Apa yang Rian ucapkan jelas membuat Mika dan Rasyid sedikit kebingungan. Namun mereka berdua berusaha tetap berkepala dingin ketika menghadapinya.

"Andai kata Pak Rian tidak minum air itu sekalipun, Hani tetap akan menjaga Pak Rian sekuat tenaga karena merasa bahwa itu adalah tugasnya. Pak Rian tidak bisa menghalangi Hani untuk tidak menjaga diri Bapak, karena dia justru akan marah kalau dihalang-halangi saat sedang bekerja," jelas Mika, agar Rian jauh lebih paham dengan apa yang Hani lakukan.

"Ya, itu benar Pak Rian. Hani adalah salah satu yang tidak pernah melanggar kode etik saat bekerja. Jadi Pak Rian jelas tidak bisa melarangnya melindungi Bapak saat kami sedang mengerjakan tugas kami," Rasyid pun ikut menjelaskan seperti yang dilakukan oleh Mika.

Hani dan Tari mendekat ke arah ketiga pria tersebut tak lama kemudian.

"Kalian sebaiknya kembali ke bawah untuk memeriksa keadaan para korban yang masih sakit. Ziva dan Raja sedang mengejar makhluk itu, jadi tidak ada yang akan mengawasi para korban di bawah jika kalian bertiga terus berada di sini," saran Hani. "Aku baik-baik saja dan kalian tidak perlu mengkhawatirkan aku. Aku masih bisa menjaga Pak Rian seperti tadi."

"Ya, kamu benar. Kalau begitu kami bertiga akan kembali turun ke bawah. Kamu jangan lupa shalat ashar.

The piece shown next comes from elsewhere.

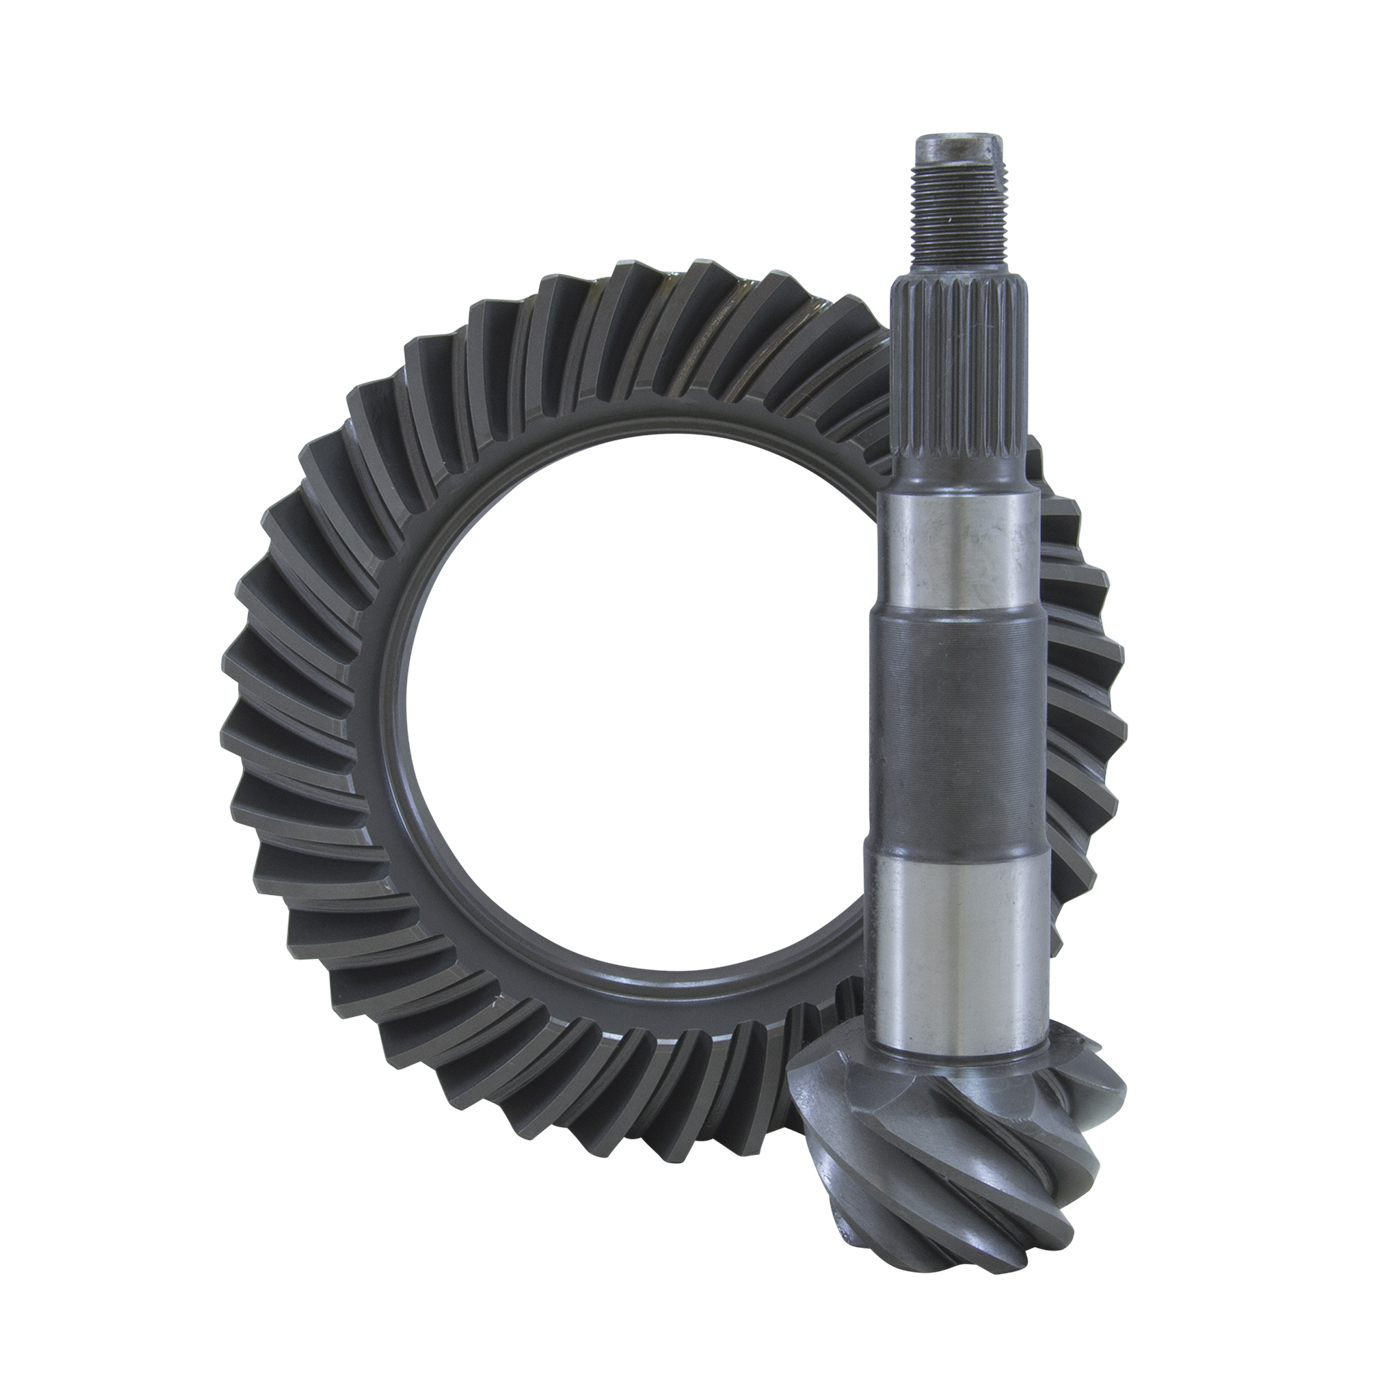 USA Standard Ring & Pinion Gear Set for Toyota 7.5" in a 4.56 Ratio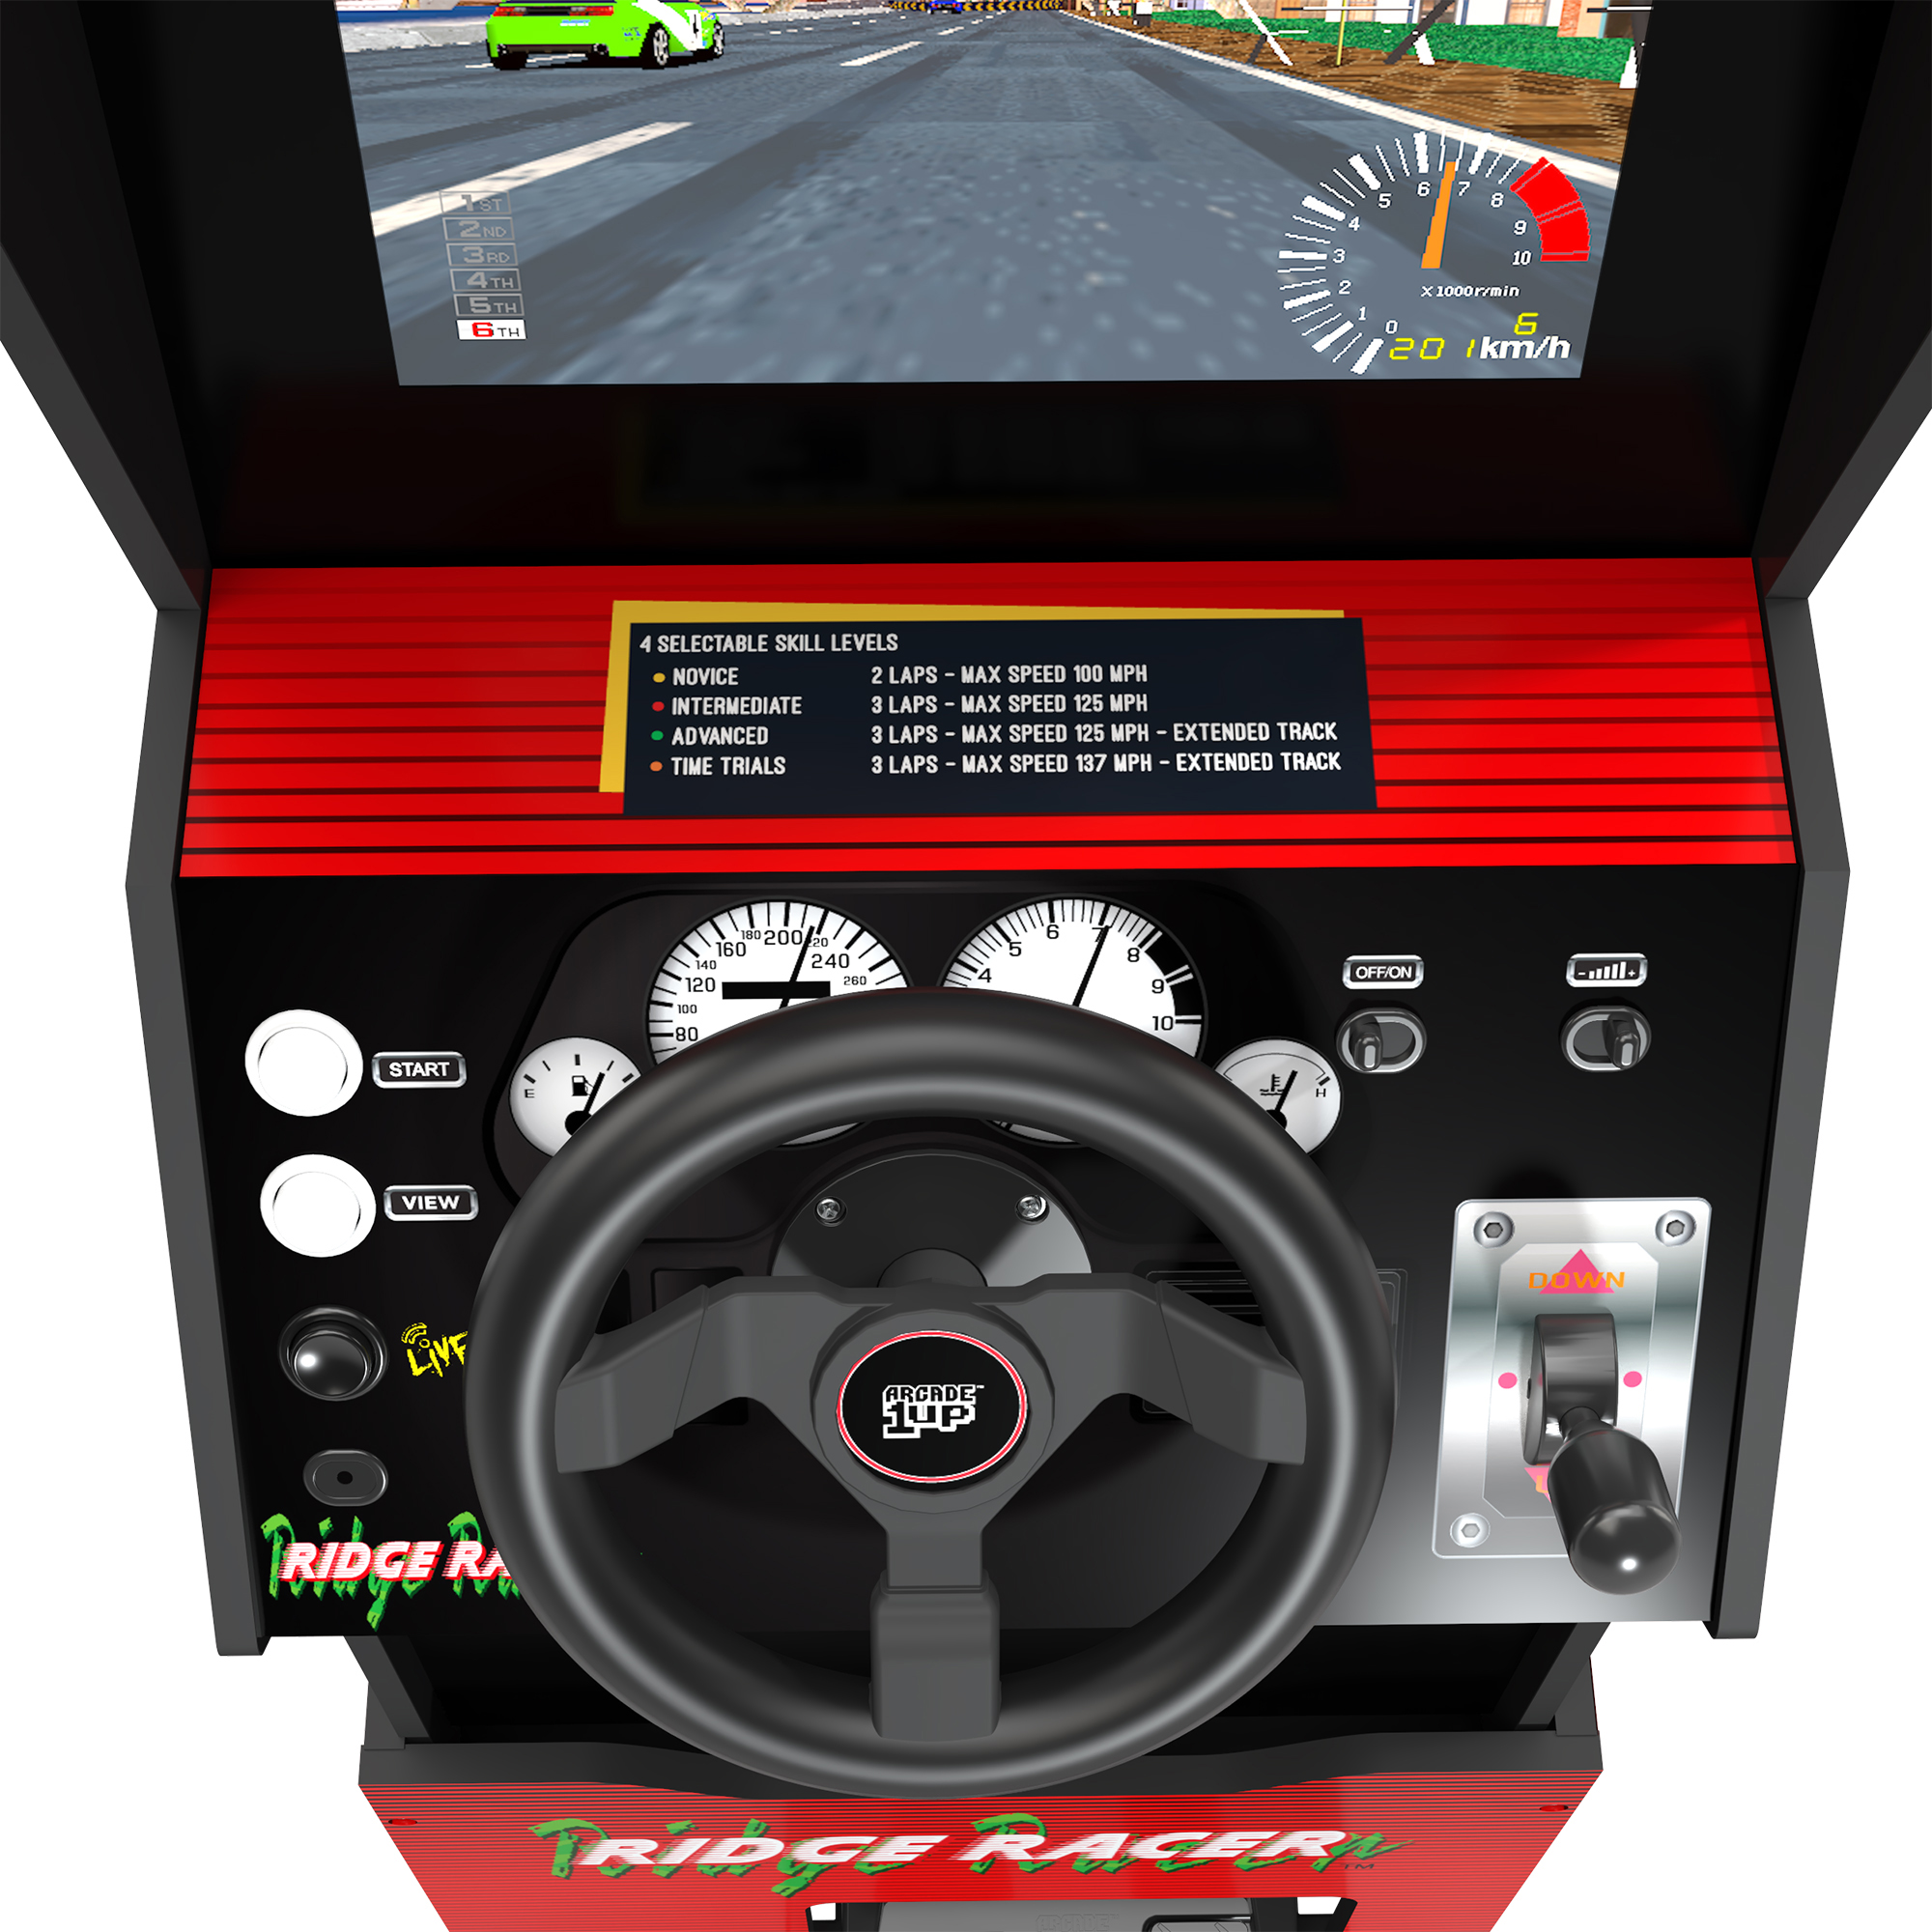 Arcade1UP - Ridge Racer - 5 Games in 1 Arcade with Rumble Steering Wheel and Lit Marquee - image 5 of 13

Hanya kamu yang belum shalat ashar saat ini," Tari mengingatkan.

"Ya ... mukenaku sudah siap, kok. Hanya tinggal shalat saja setelah aku berwudhu ulang," balas Hani yang sadar kalau wudhunya tadi sudah batal akibat sempat bersentuhan dengan Rian, Mika, dan Rasyid.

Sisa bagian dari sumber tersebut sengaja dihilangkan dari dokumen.